The Longmont Symphony Orchestra (LSO) will return to the Vance Brand Auditorium stage for its first live, in-person performance in 20 months at 7:30 p.m. Saturday (Oct. 2). The program will feature music by three of the most loved classical composers: Brahms, Mozart and Schumann.
“This is an exceptional opportunity for the musicians of the Longmont Symphony to come together again,” LSO music director Elliot Moore says. “It’s an amazing thing we are able to gather and have a live audience. And it’s another amazing thing that we’re able to have a venue to rehearse in, and to perform in.
“When you combine all of these elements, I think it’s really going to be a celebration that we are able to continue lifting people up through music.”
Securing Vance Brand Auditorium for the series of rehearsals and full orchestra concerts this year was complicated by several factors. For one, there were shifting COVID protocols that the St. Vrain Valley School District, who control the use of the facility, had to consider. Then there was new staff for both the school district and the LSO working together for the first time to make the schedule work. “I’d like to take my hat off to our new executive director, Catherine Beeson, for the exceptional work she did,” Moore says.
In addition to Saturday’s concert, the LSO will present a second Masterworks Concert during the fall, at 7:30 p.m. on Saturday, Nov. 13, also in Vance Brand Auditorium. In between, there will be a concert for smaller orchestra in Stewart Auditorium at the Longmont Museum Saturday and Sunday, Oct. 16 and 17. The fall portion of the season will conclude with “A Baroque Christmas” Sunday, Dec. 19 (see full schedule and programs below).
Moore wanted to select just the right piece to open the first concert after the pandemic. When he selected Brahms’s Academic Festival Overture he had two thoughts, one whimsical and one serious. “I did happen to think the Academic Festival Overture is really about drinking songs,” he admits, then adds more seriously that “it uses the largest orchestra that Brahms ever used. It gives us the most possibility to use all of our musicians, so that everybody plays together. This (program) is about being together and offering something to our community that is uplifting, engaging, fun, and creates a common experience.”
The overture, written for a German university that gave Brahms an honorary degree, uses a variety of spirited student songs of the time, ending with one that is treated in appropriately academic counterpoint. Whether or not one recognizes the songs, the mood is clearly one of good cheer.
Mozart began his career in Vienna as a piano virtuoso. Consequently, his piano concertos were mostly written for the composer himself to play.

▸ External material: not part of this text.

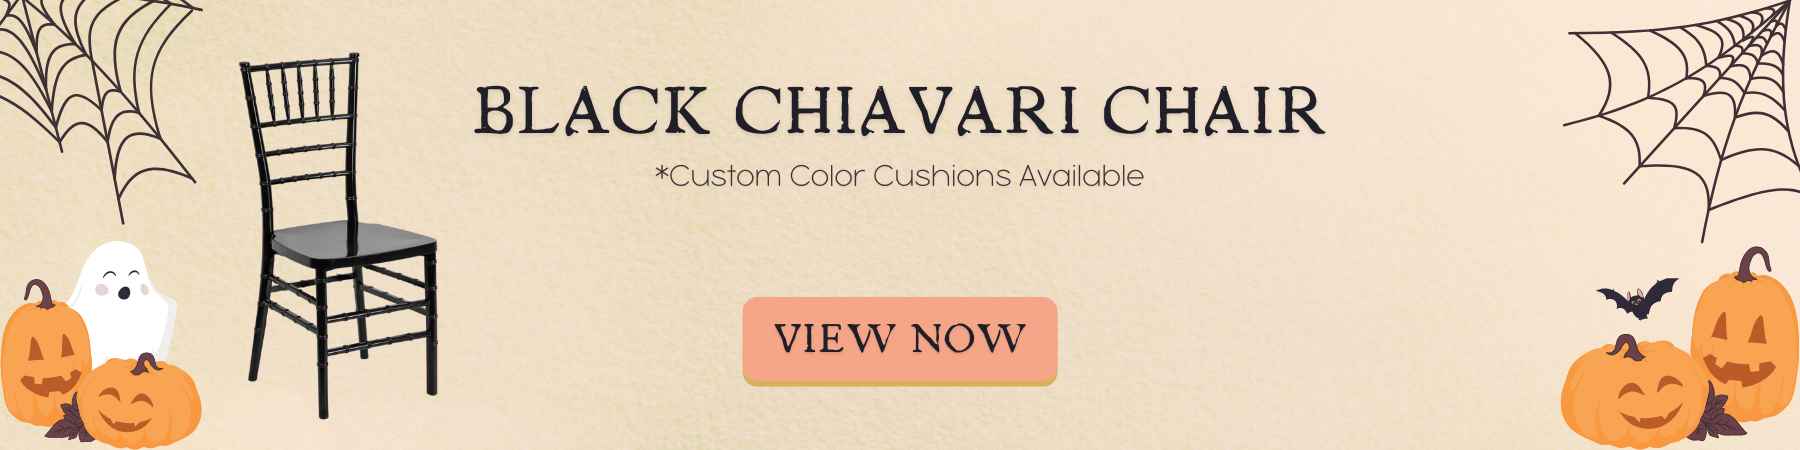 Black Chiavari Chair Rentals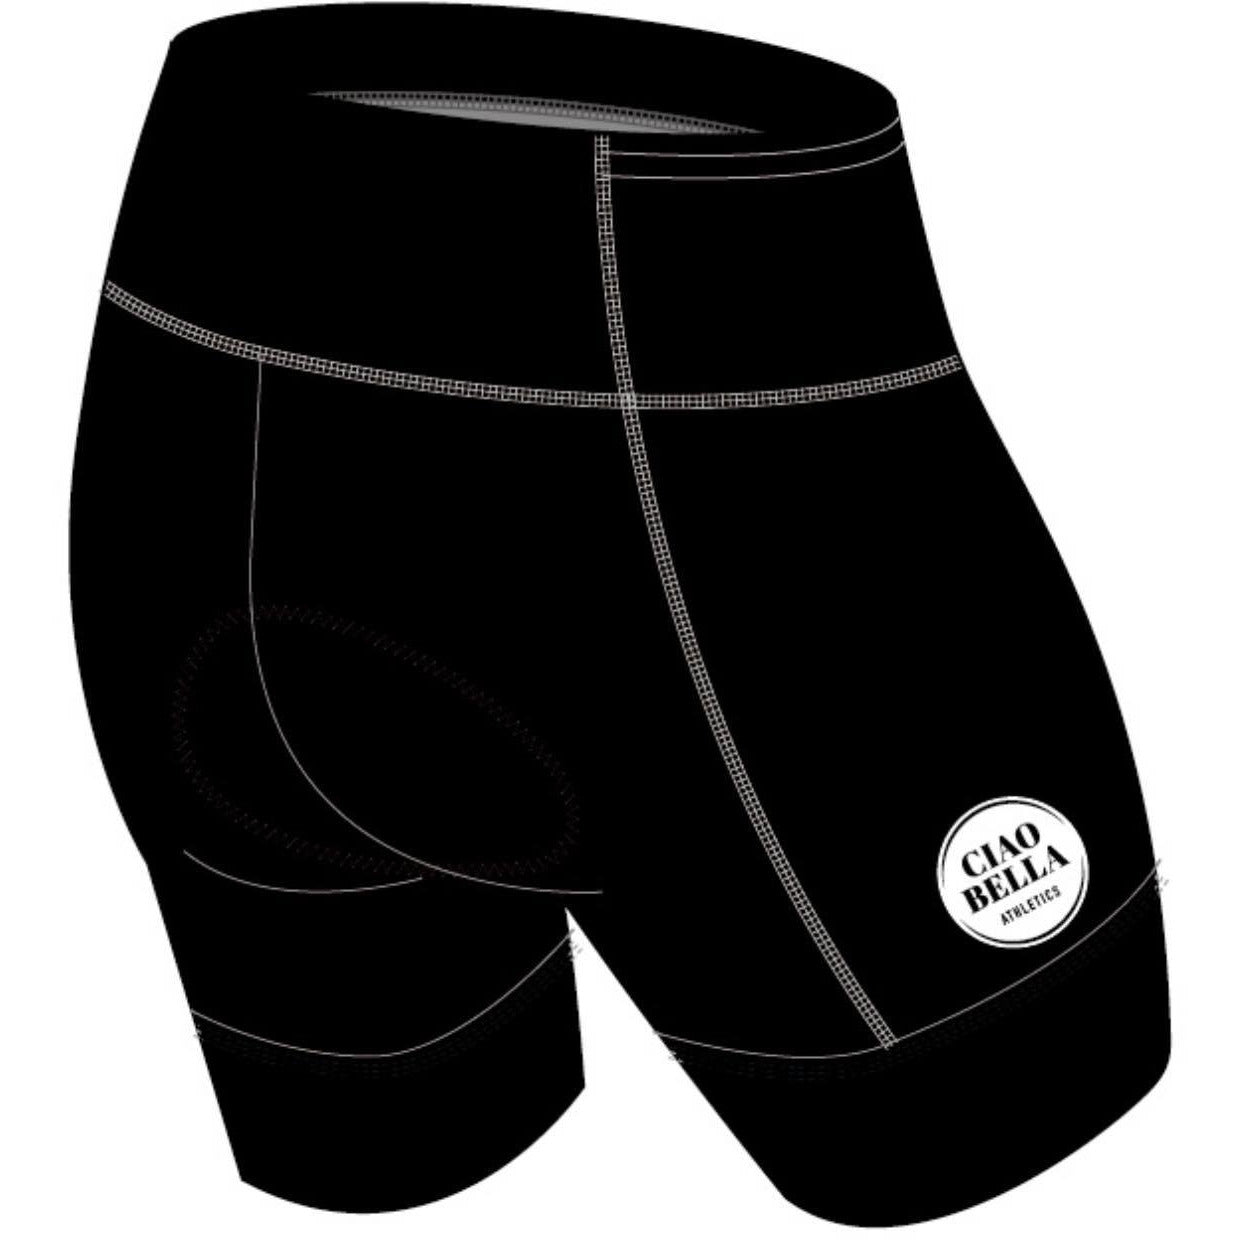 Triathlon Shorts - Black Pearl Design

A few however were written with an eye to possible sales to the public as well, particularly three that were written in 1782, soon after Mozart had moved to the imperial capital. The Concertos K413, 414 and 415 were written so that they could be performed either with full orchestra or, in private homes with only a string quartet accompaniment.
In a famous letter to his father, Mozart wrote that the concertos “are a happy medium between too heavy and too light. They are very brilliant, pleasing to the ear, and natural, without being insipid. There are parts here and there from which connoisseurs alone can derive satisfaction, but these passages are written in such a way that the less learned cannot fail to be pleased, albeit without knowing why.”
Soloist for the Mozart concerto will be pianist Hsing-ay Hsu, a Steinway Artist and winner of the William Kapell International Piano Competition, among other awards. A former member of the CU College of Music faculty, Hsu was also director of the Pendulum New Music Series at the college.
The concluding piece on Saturday’s concert will be Schumann’s Symphony No. 4 in D minor. First completed in 1841, it was revised by the composer ten years later. That later version was published and is the form in which the symphony is usually performed today. However, that version has been criticized as too heavily orchestrated, even though it was preferred by Schumann’s widow Clara. Because Schumann was first of all pianist and not an orchestral player, conductors and others have often revised the scoring of his symphonies, aiming to make them lighter.
Moore admits that he too will make some slight changes. “I do alter a couple of things,” he says. “I change a couple of dynamics. I do it in the spirit of hopefully clarifying the musical discourse, not to put my own stamp on it.”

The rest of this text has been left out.